DATA TO USE START

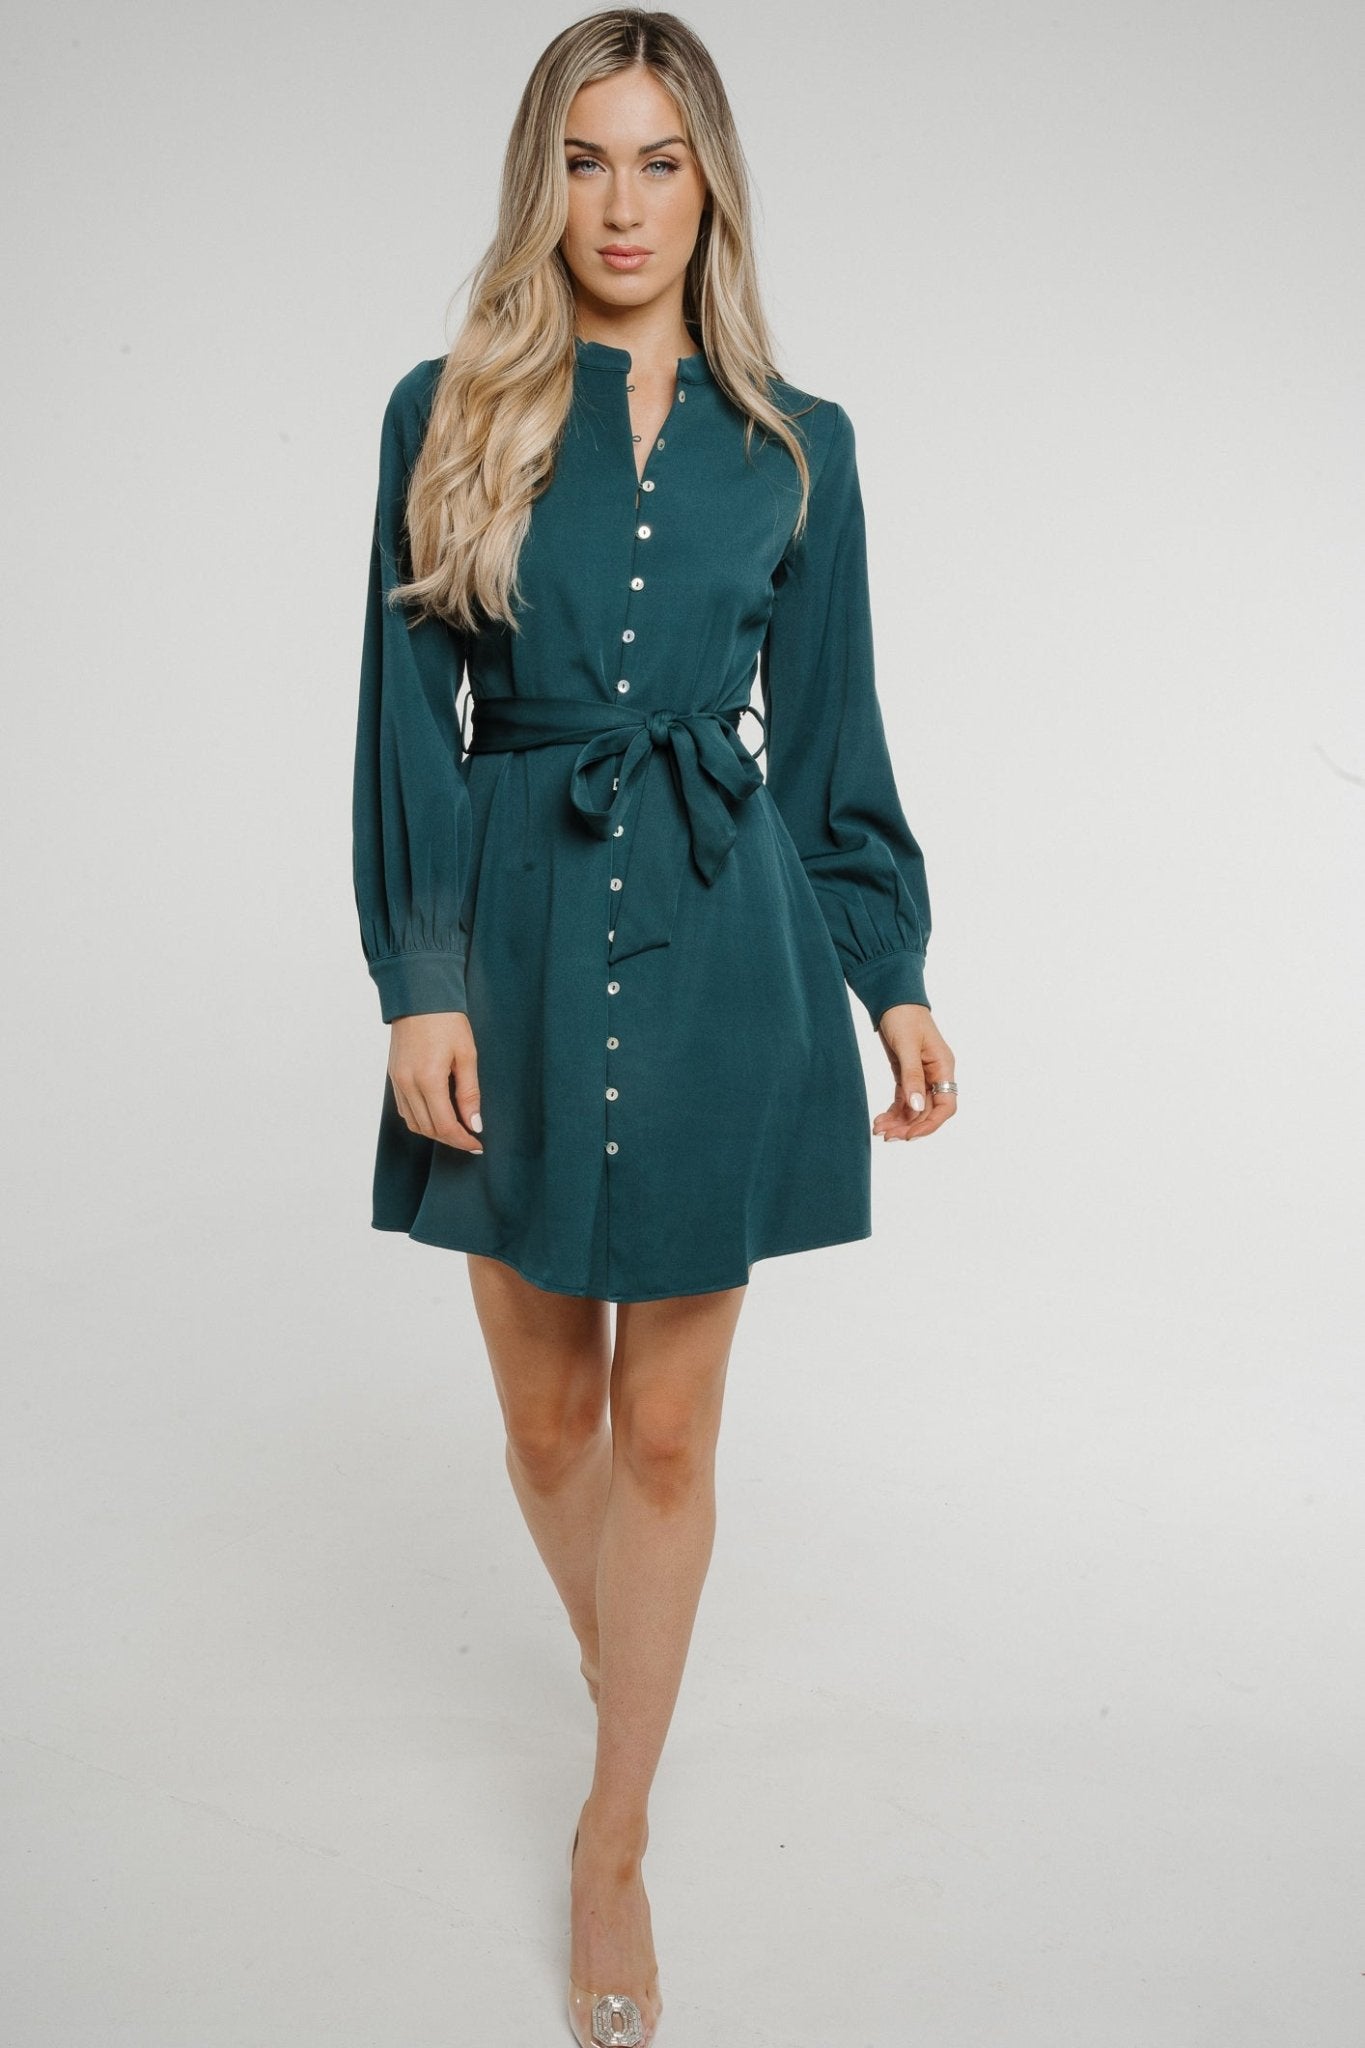 Becca Button Front Dress In Jade Green - The Walk in Wardrobe
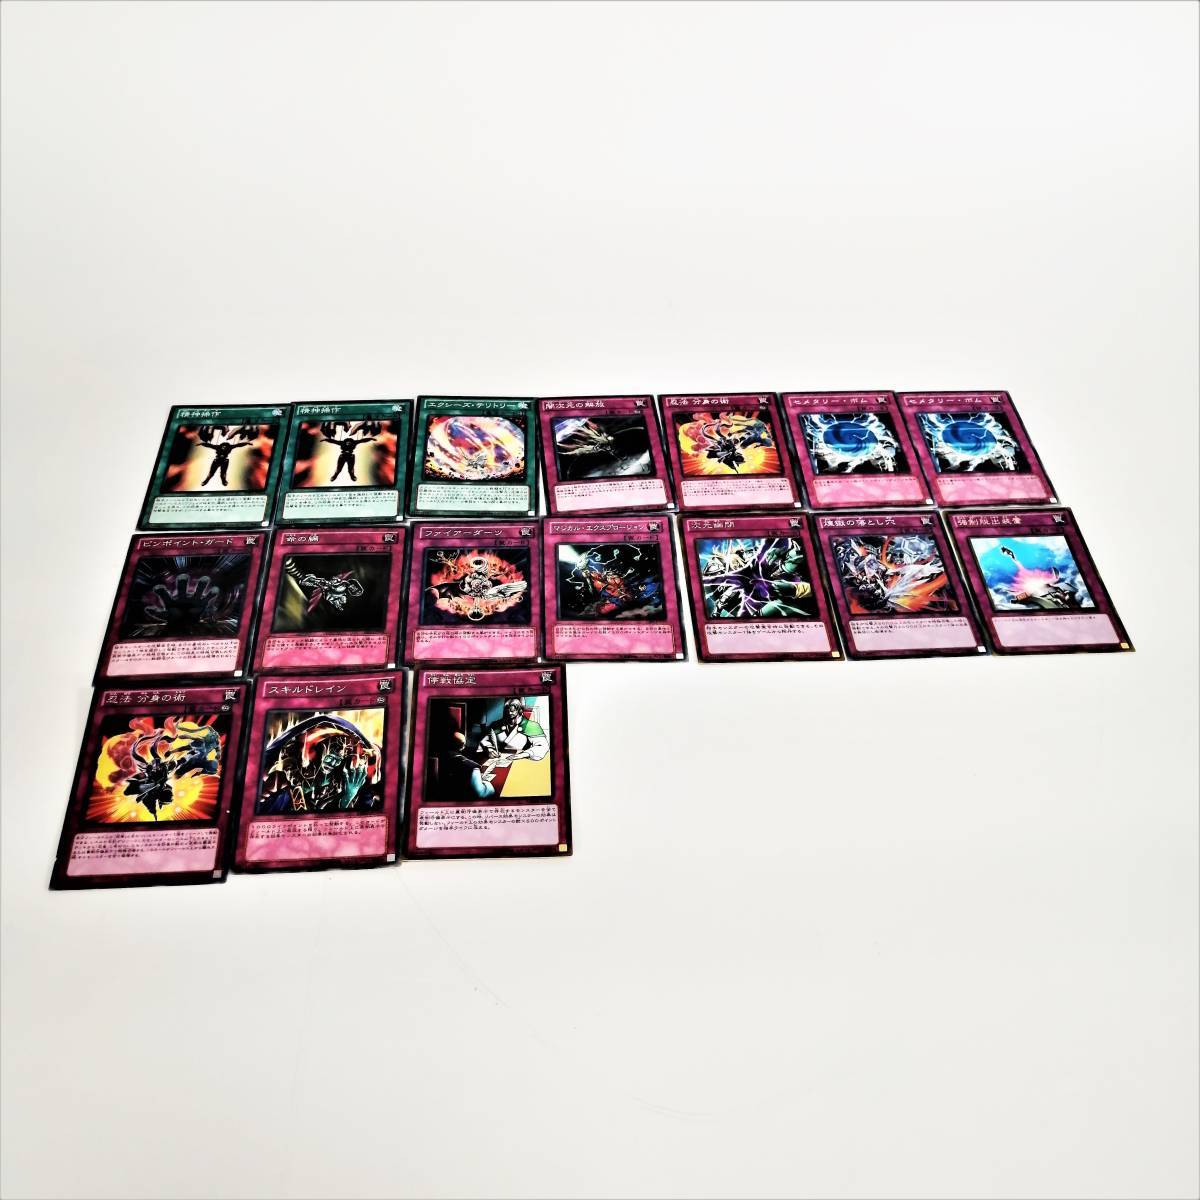 KONAMI 遊戯王カード まとめ売り 72枚 重複あり トレーディングカード 英語版あり【USED品】 22 00328_画像3
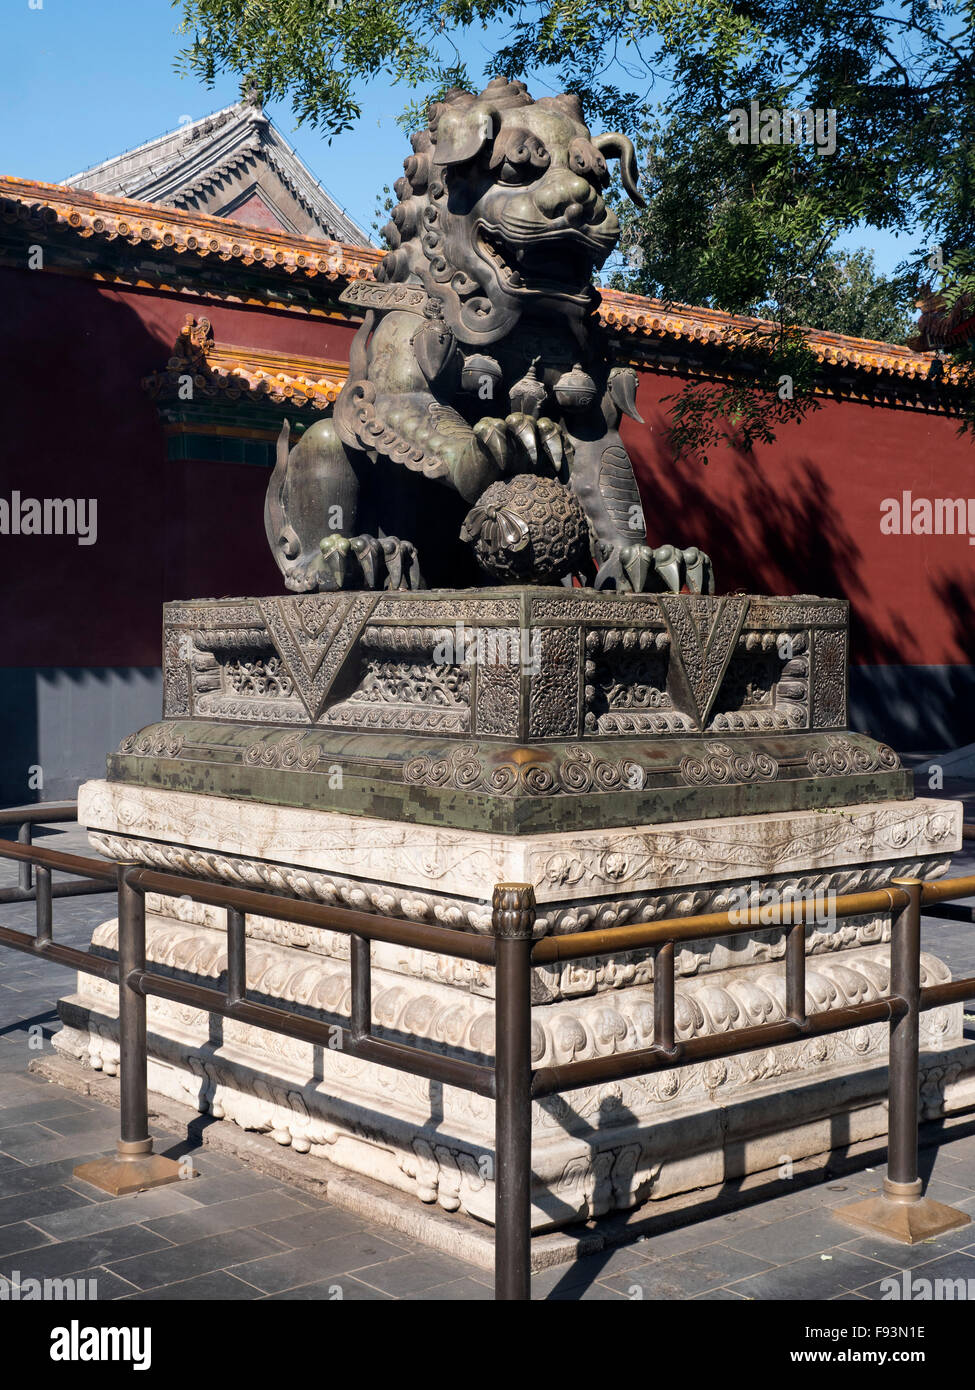 Leone di Bronzo nel tempio Lama Yonghe Gong, Pechino, Cina, Asia Foto Stock
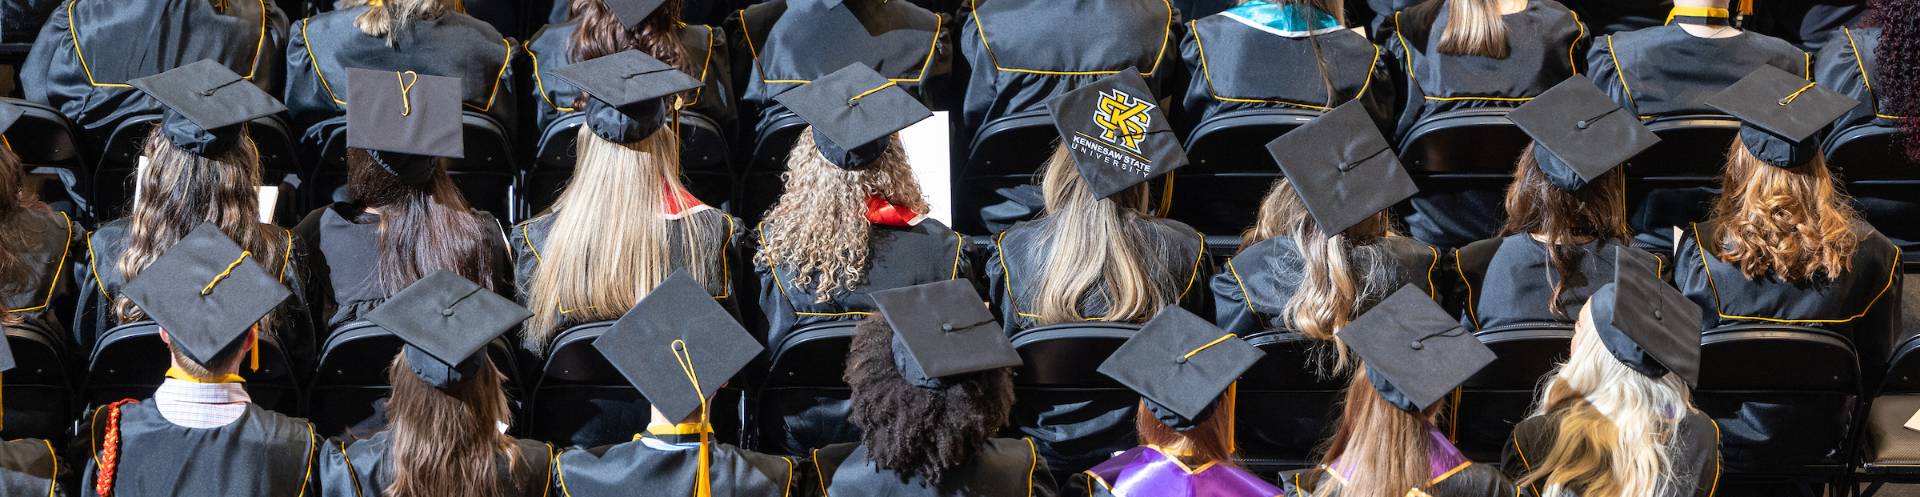 KSU students at graduation
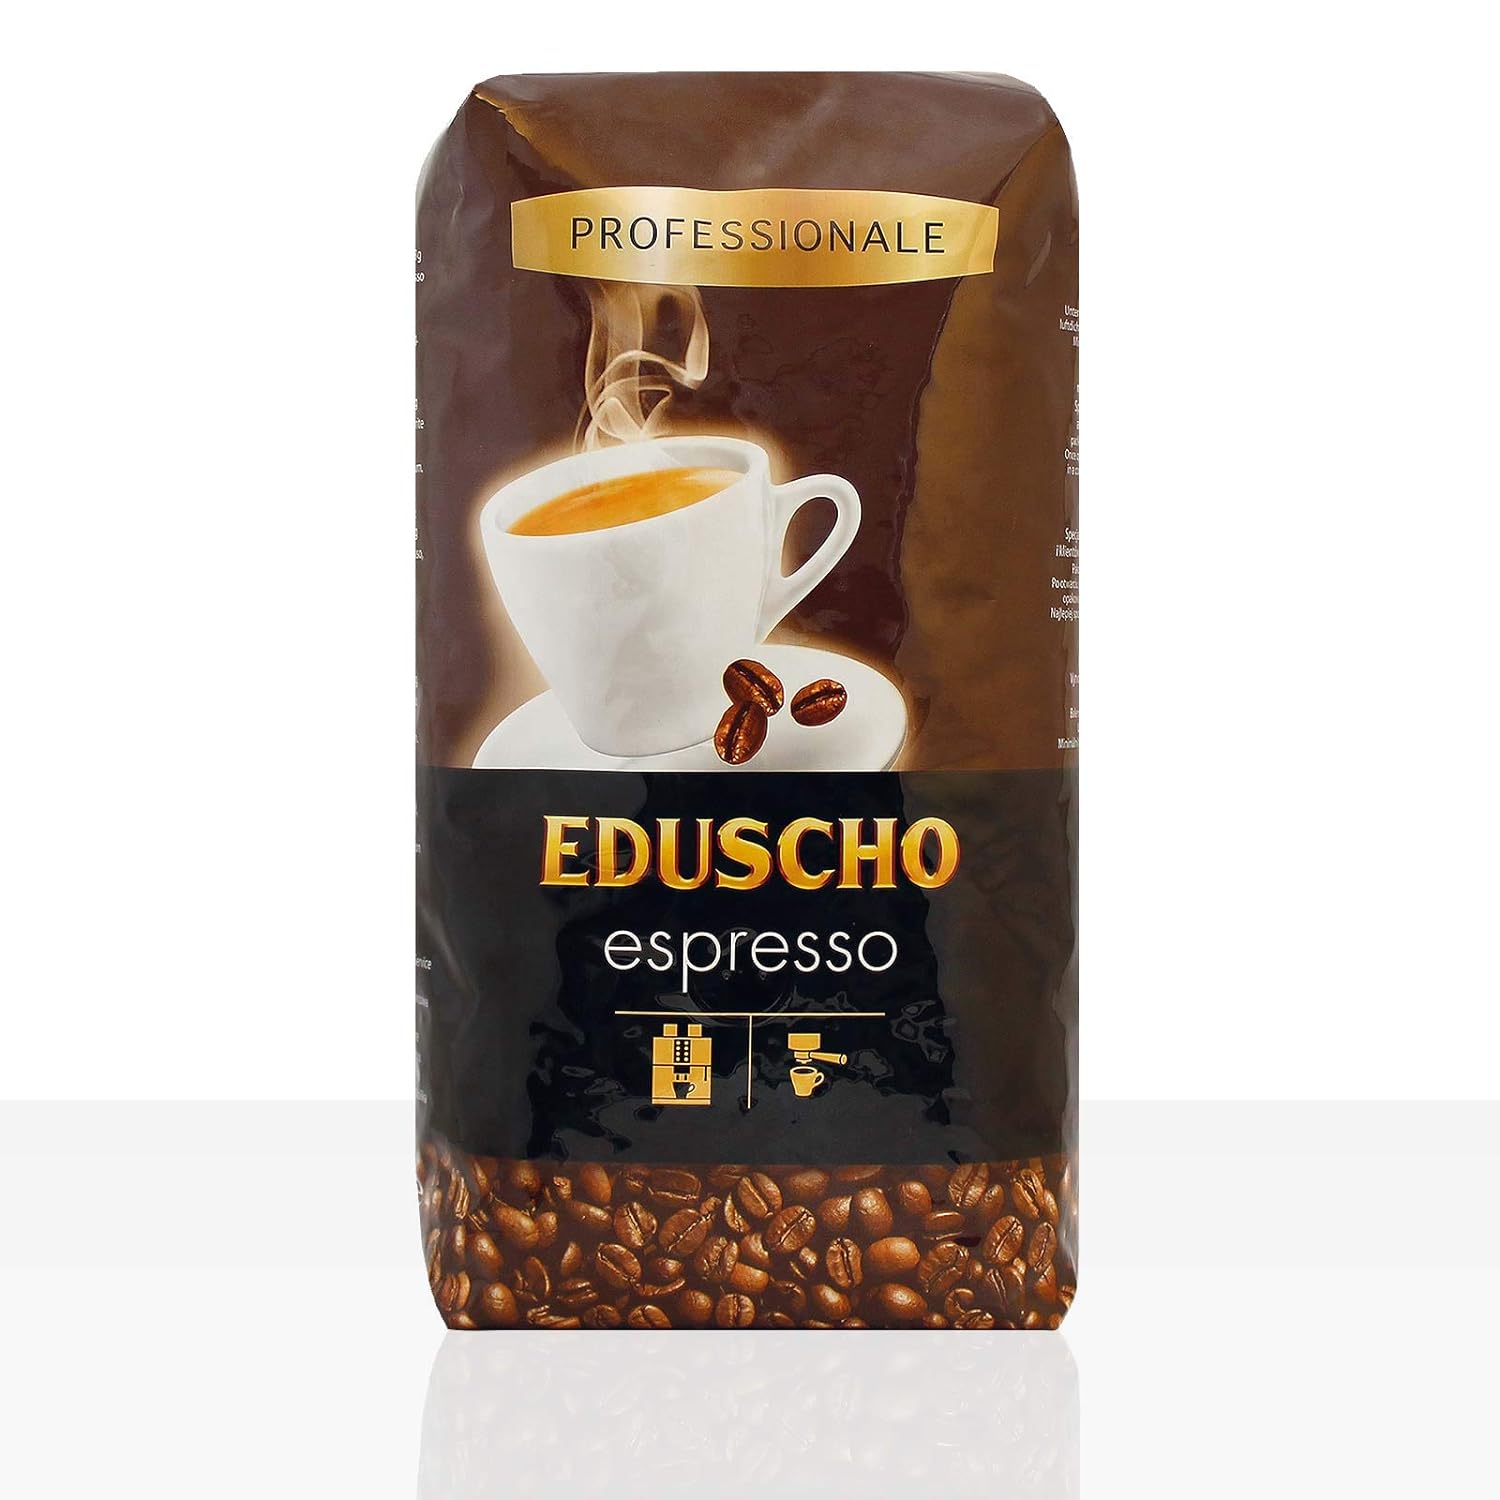 Eduscho Professional Espresso 6 x 1 kg Whole Bean

DATA TO USE END

## YOUR ASSIGNMENT
The records above are to be transcribed in full, with images omitted.

## RESULT BELOW
 Becca Button Front Dress In Jade Green - The Walk in Wardrobe
 KONAMI 遊戯王カード まとめ売り 72枚 重複あり トレーディングカード 英語版あり【USED品】 22 00328_画像3
 Leone di Bronzo nel tempio Lama Yonghe Gong, Pechino, Cina, Asia Foto Stock
 KSU students at graduation
 Eduscho Professional Espresso 6 x 1 kg Whole Bean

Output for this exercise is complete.